In order to fix hair while maintaining heat and contact time of the hair, tong-shaped hair irons have become common, and plate-shaped hair irons with a hair-straightening function are also appearing.

Such a hair iron has a problem of damaging hair by applying high heat to the hair, and needs to have cold and hot functions to increase hair setting power in a manner that the hairstyle can be maintained for a long time.

DISCLOSURE

Technical Problem

Embodiments of the present disclosure provide a hair iron that minimizes thermal damage to hair through hot/cold processes.

Embodiments of the present disclosure provide a hair iron that can increase the hair setting power by simultaneously using hot/cold processes.

Embodiments of the present disclosure provide a hair iron that can easily switch between a hot mode and a cold mode.

Embodiments of the present disclosure provide a hair iron with a structure that can prevent burns when a heating plate is placed at the outer surface of the hair iron.

Technical Solutions

In accordance with an aspect of the present disclosure, a hair iron may include: a pair of bodies each including a fixing portion and a driver rotatably coupled to one side of the fixing portion; and a hinge portion coupled to the other side of the fixing portion of the pair of bodies, and configured to adjust an angle of the pair of bodies. The driver may include: a rotating plate coupled to one end of the fixing portion so as to be rotatable using a longitudinal direction from the other end of the fixing portion to one end of the fixing portion as a rotary shaft; a heating module located at one surface of the rotating plate; and a cooling module located at the other surface of the rotating plate.

The rotating plate may be configured to switch to any one of: a first state in which one surface of the rotating plate faces a neighboring body and the other surface of the rotating plate faces outward; and a second state in which the other surface of the rotating plate faces the neighboring body and the one surface of the rotating plate faces outward.

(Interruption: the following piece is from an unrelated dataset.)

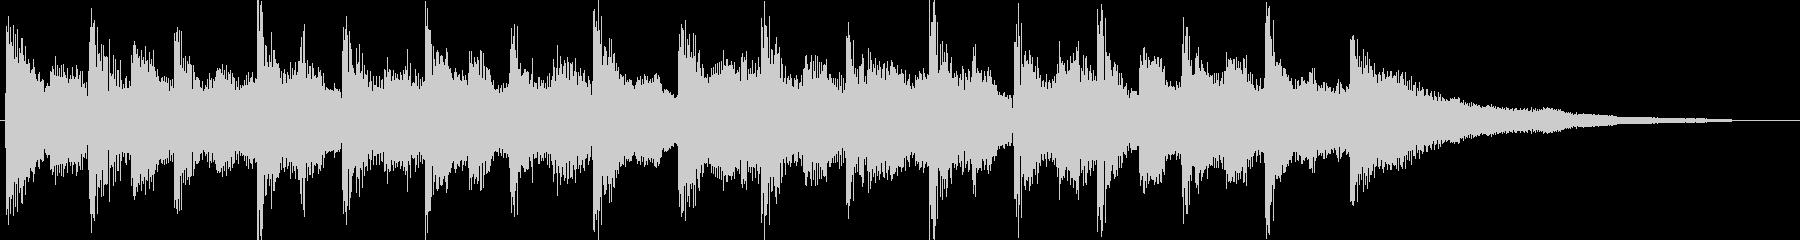 オルガンリードでキャッチ―なジングルの未再生の波形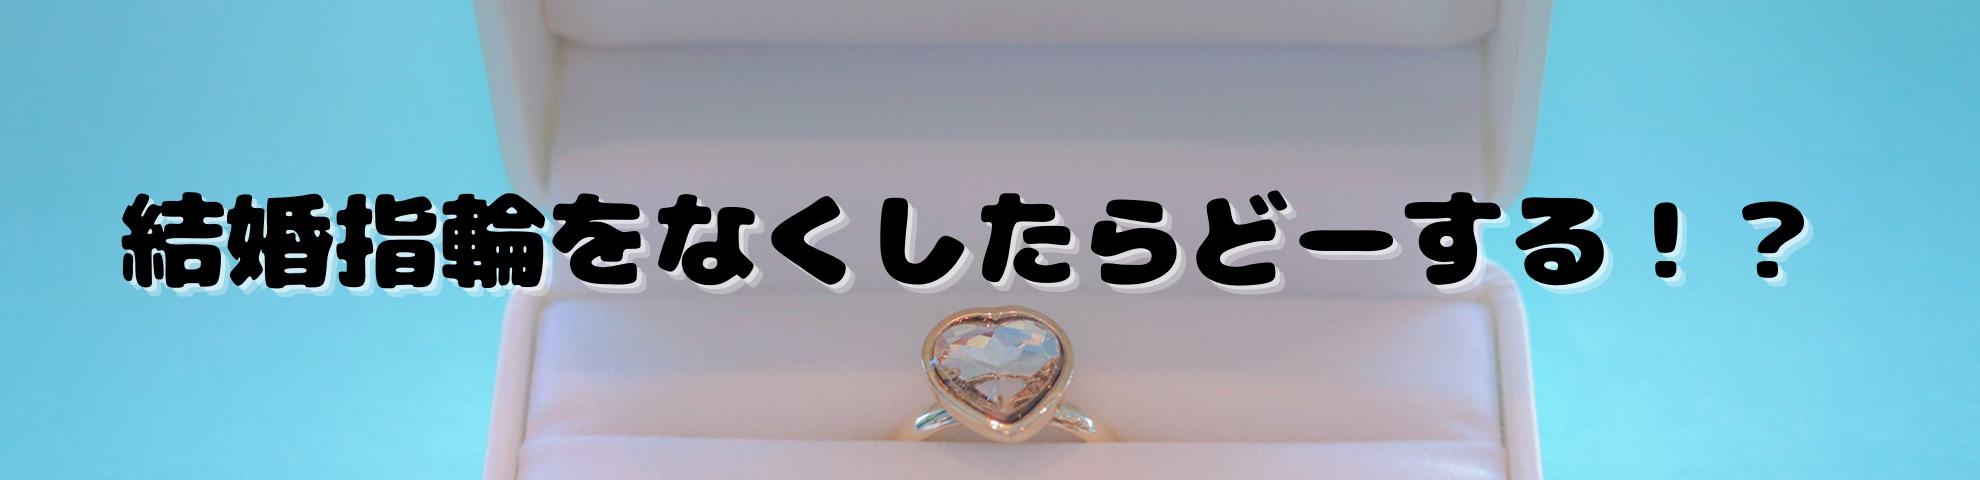 結婚指輪をなくしたらどーする!?

The body may further include: a stopper configured to allow the rotating plate to be fixed or to restrict rotation of the rotating plate in the first state and/or the second state.

The rotating plate may further include: a drive motor located at the fixing portion and configured to rotate the rotating plate.

The cooling module may include a thermoelectric element configured to maintain a temperature of 30° C. or less.

The hair iron may further include: a controller located in the fixing portion; and a signal cable configured to connect the heating module and the cooling module to the controller. The rotating plate may include a hole formed in the rotary shaft, and an opening that extends from the hole and penetrates one surface and the other surface of the rotating plate; and the signal cable is connected to the heating module and the cooling module through the hole and the opening.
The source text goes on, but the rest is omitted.